From a practical perspective, however, the handling of hundreds of millions of rows of data as well as the reference to in-memory analytics are more marketing fluff geared towards riding the in-memory hype than a true depiction of what this technology is or what it is capable of. Tableau’s data engine is not in the same league as in-memory technology, or pure columnar technologies like ElastiCube, when it comes to import times or query response times. In fact, it is slower by several orders of magnitude.
Do I have this right? You're the CEO of a competitive product to Tableau. You slice their CEO's quote leaving out key points. You do 1 test that is probably optimized to your product.
ReplyDeleteI'm a Tableau user and I've been using their new product analyzing 212 million records. It is fast like nothing else. I didn't have to write any scripts or programs. It just worked.
Jim,
ReplyDeleteThank you for your comment.
SiSense and Tableau are hardly competitors. Tableau is a visualization tool while SiSense is a development environment for creating enterprise-grade BI solutions with centralized data repositories. SiSense competes on the same deals as QlikView, IBM, SAP etc.
My sole interest in Tableau’s new release is the technological aspects of their new data engine, not their product (note the title of this post). The portions I removed from Tableau CEO's quote are those who have no bearing on the data engine that is being discussed here.
The test we’ve conducted is on ONE field, which is considered the simplest test there is. There is no way to ‘optimize’ a single field for anyone’s product. You’ll notice that in this post I am also comparing QlikView’s technology (a direct competitor of SiSense) to Tableau’s – exactly to avoid claims of subjectivity. As you may have noticed, QlikView have done quite well on this benchmark, so any claims of bias are invalid.
As for your own experience – publish your data set properties, hardware used and benchmark results and I’ll be happy to review it. I can’t really comment on claims like ‘It is fast like nothing else’, unless ‘nothing else’ means Tableau 5.2 in which case I would totally take your word for it.
Thanks again,
Elad
I've used the new Tableau on hundereds of millions of rows and I agree with Jim - for the data I use it is very fast.

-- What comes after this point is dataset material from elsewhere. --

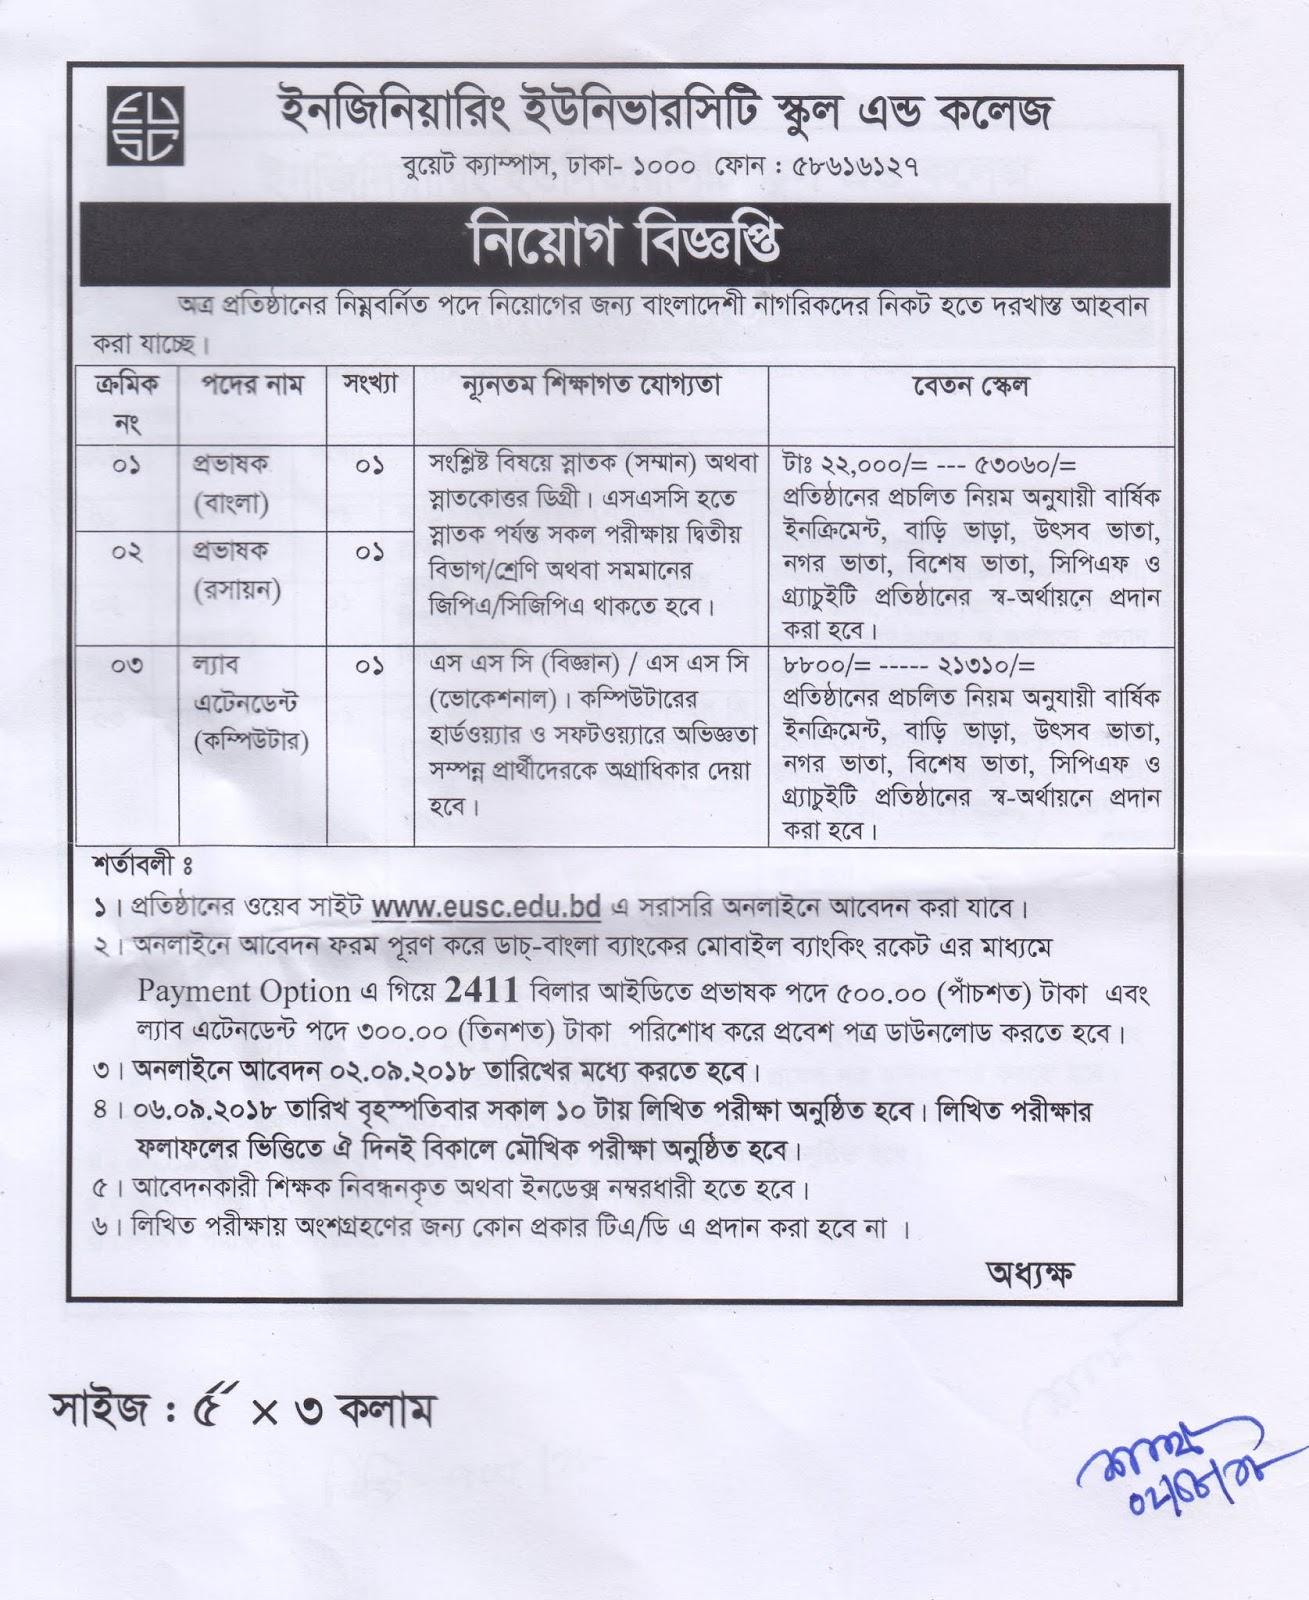 Engineering University School and College Job Circular 2018

ReplyDeleteWhich makes me wonder about your test. What sort of text field were you trying to insert? Was it just half a billion lines of web log entries, all different? Did you try anything else, like half a billion rows of numbers? Half a billion rows of dates? Half a billion rows of country names?

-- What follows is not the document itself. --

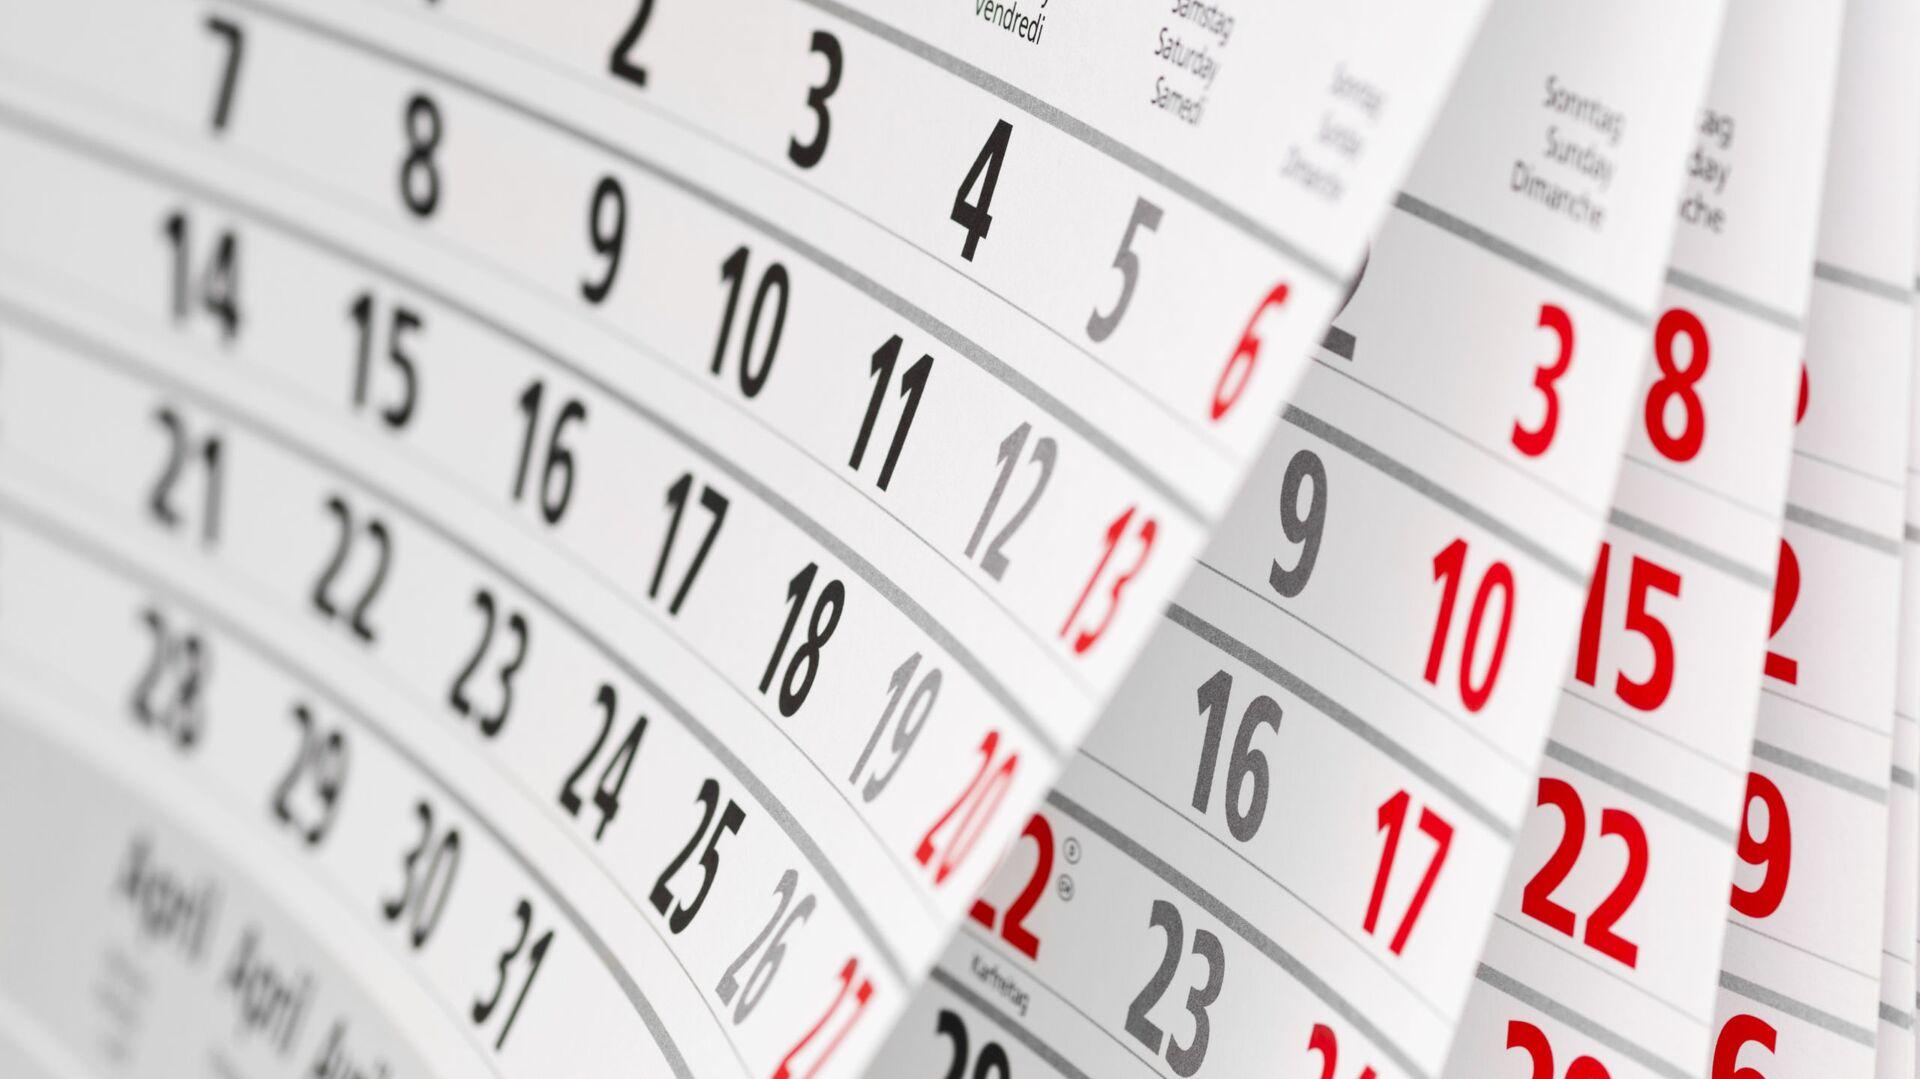 Kalendar s chislami - Sputnik Oʻzbekiston, 1920, 01.08.2021

That's the kind of "real world" data I am trying to analyze and so far it has been amazing.
Brenda,
ReplyDeleteThanks for your comment.
As for your question - the field consisted of 12 character strings with roughly 70M unique values. I could perform the same test on a field with significantly less unique values, but then the results would be misleading because even a simple RDBMS could handle that within the same time frame as Tableau's engine by performing an index scan (which I believe what Tableau's engine does really).
It's important to understand that the purpose of this post is not to determine a definitive 'fast' or 'slow' grade. This is a technological post that aims to *compare* between existing data engines and Tableau's new data engine (i.e. slowER or fastER)
Fast or slow really depends on what you're doing and what you expect within the scope of the use case involved. A 30 minute response time for a distinct count, like I've shown, could be 'fast' or 'slow' too. It depends on what you're doing.